Amazon EKS is an ideal platform for running distributed multi-node inference workloads due to its robust integration with AWS services and performance features. It seamlessly integrates with Amazon EFS, a high-throughput file system, enabling fast data access and management among nodes using Kubernetes Persistent Volume Claims (PVCs). Efficient multi-node LLM inference also requires enhanced network performance. AWS Elastic Fabric Adapter (EFA), a network interface that offers low-latency, high-throughput connectivity between Amazon EC2 accelerated instances, is well-suited for this.

In the following sections, we discuss some of the features of Amazon EKS used in this post.

Automatic scaling

Karpenter adds just-in-time provisioning based on actual pod spec, such as GPU count, ENI, and Amazon Elastic Block Store (Amazon EBS) throughput, so NVIDIA Dynamo can burst new g6 instances in less than 60 seconds when the smart router queues fill.

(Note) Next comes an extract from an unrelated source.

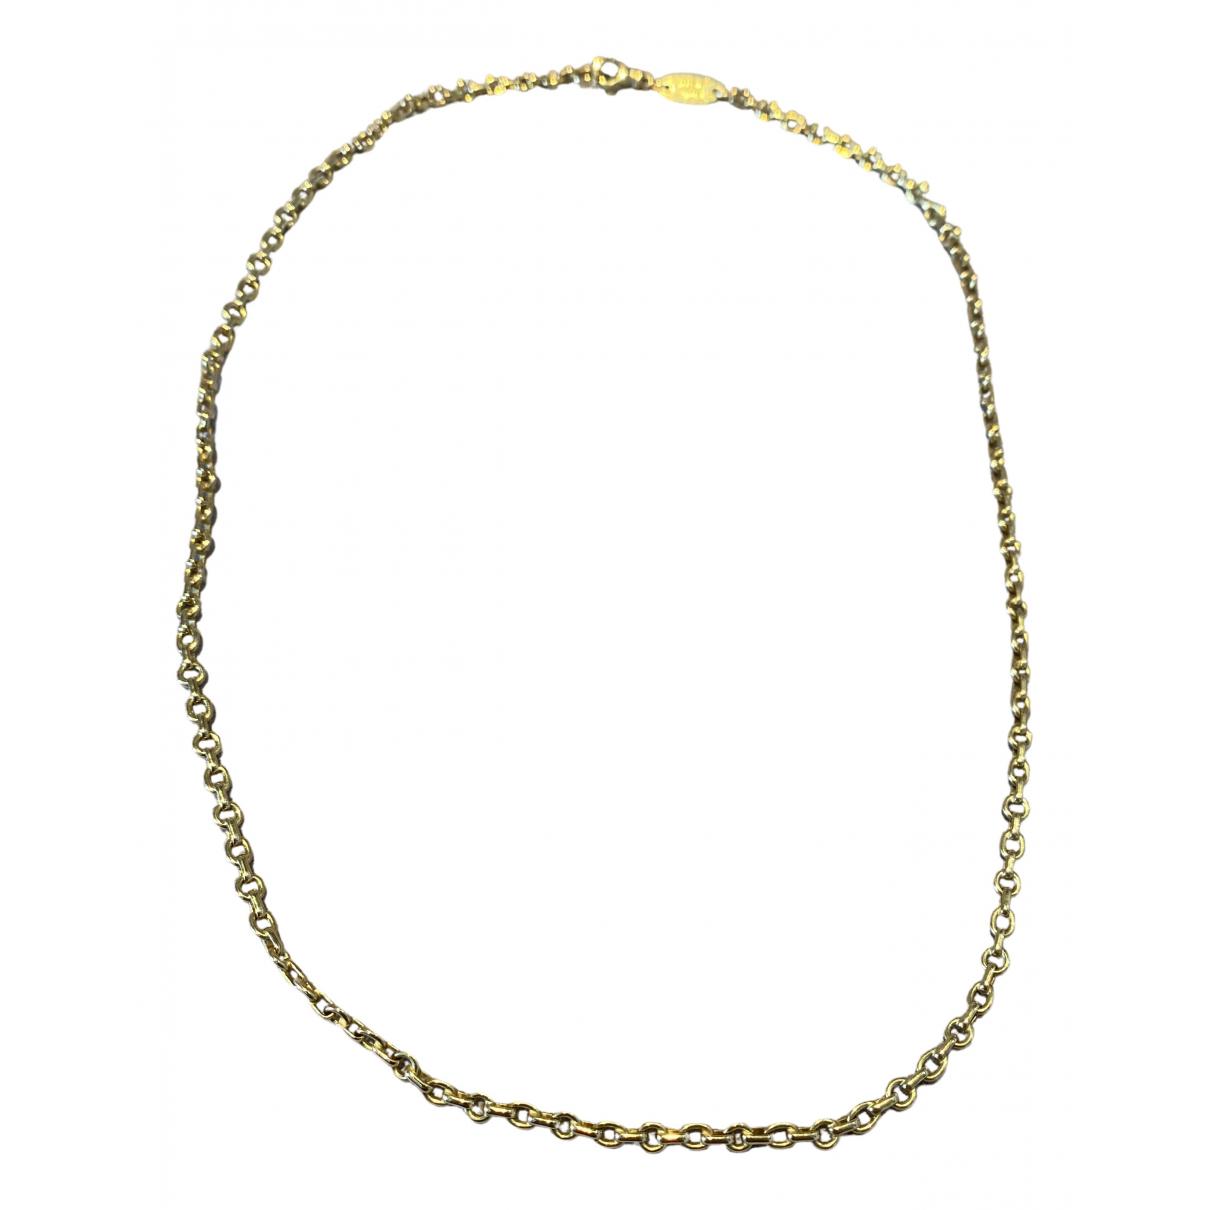 Collar de Oro amarillo Chaumet

Flexible worker nodes and GPU support

Amazon EKS supports different EC2 instance families. You can mix CPU (M5), accelerated compute (G6, P5, P6), and Arm-based AWS Graviton nodes in one cluster. To enable usage of GPUs in Amazon EKS, you can use Amazon EKS optimized GPU AMIs that ship with the correct NVIDIA driver and container-toolkit versions preinstalled, so pods get /dev/nvidia* devices immediately. The Bottlerocket variant with NVIDIA add-on gives an immutable, minimal operating system to get started quickly with NVIDIA Dynamo.

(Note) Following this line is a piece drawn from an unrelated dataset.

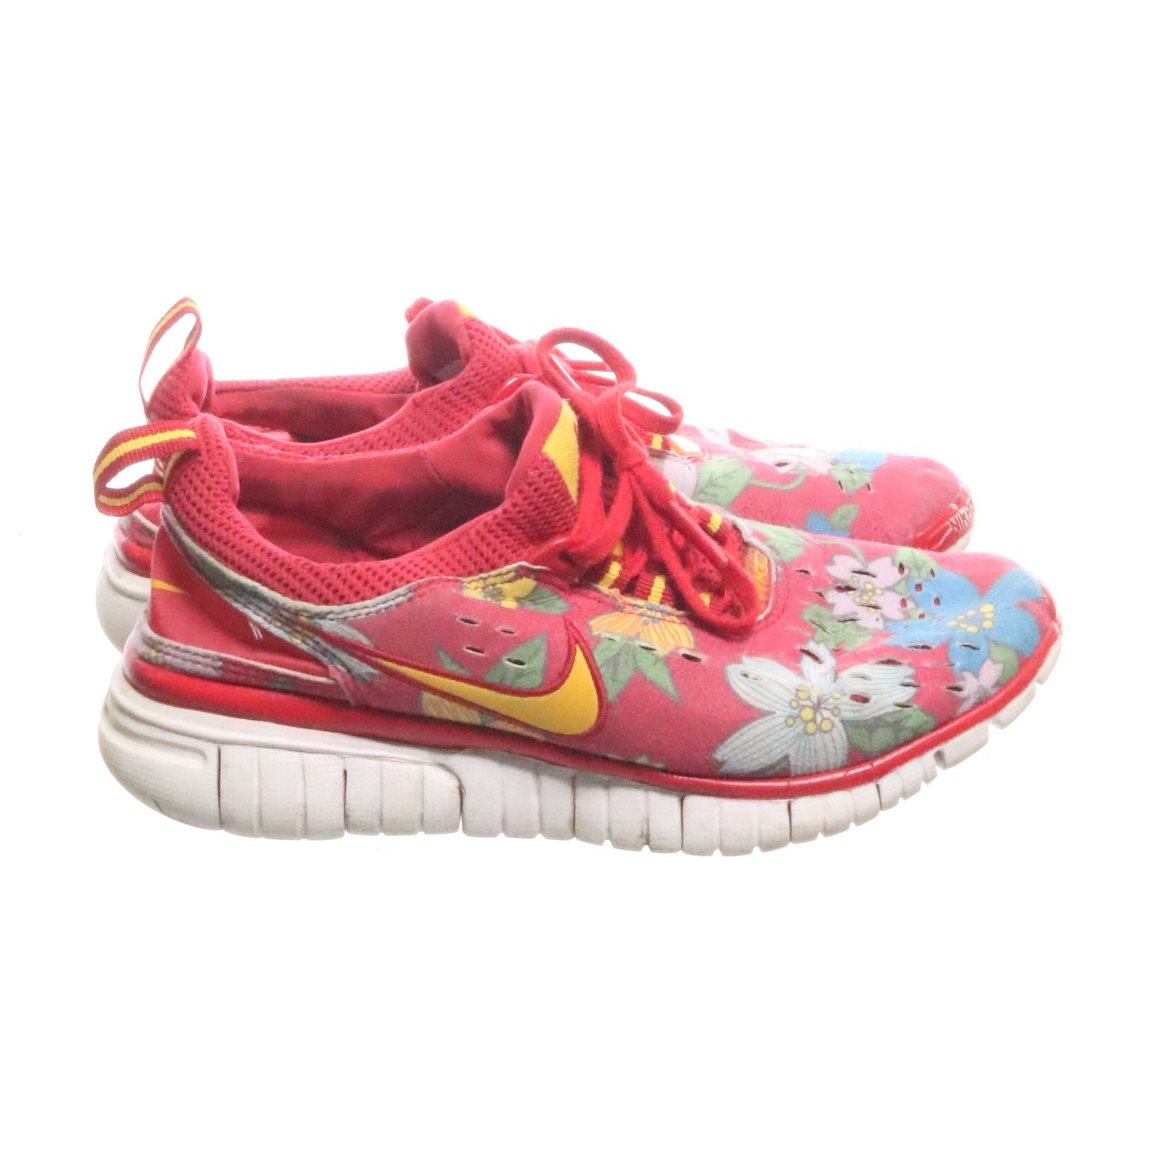 nike blommiga sneakers

Storage integrations for large models

Amazon EKS has CSI drivers for the following options:

We need a shared file system across all the pods that can store and load the model weights quickly, so we use Amazon EFS in this post. Amazon FSx for Lustre is a high-performance shared file system that is more appropriate for workloads that require sub-millisecond and bursty throughput like ML training jobs. In our case, we don’t need such performance because we are downloading and loading the model weights when we are spinning up or scaling out an NVIDIA Dynamo deployment.

EFA support

Amazon EKS offers VPC networking features, including EFA for low latency. EFA is used to talk between the GPU nodes within a single Availability Zone. EFA is accessed through the Libfabric provider. Refer to Supported interfaces and libraries for supported versions of MPI and NCCL.

Architecture

The example in this post uses the Kubernetes deployment shown in the following AWS deployment architecture diagram. We provision a VPC and associated resources, including subnets (public and private), NAT gateways, and an internet gateway. We create an EKS cluster and with the help of Karpenter, and launch one G6 instance to run the model and a CPU node group using one c7i.16xlarge instance to run NVIDIA Dynamo store pods, frontend pods, and the router pod. We use a single Availability Zone to deploy these nodes.

Figure 6: AWS deployment architecture.

In the following sections, we walk you through the deployment of the DeepSeek-R1-Distill-8b model with disaggregated serving and NVIDIA Dynamo KV Smart Router on Amazon EC2 accelerated GPU instances using Amazon EKS.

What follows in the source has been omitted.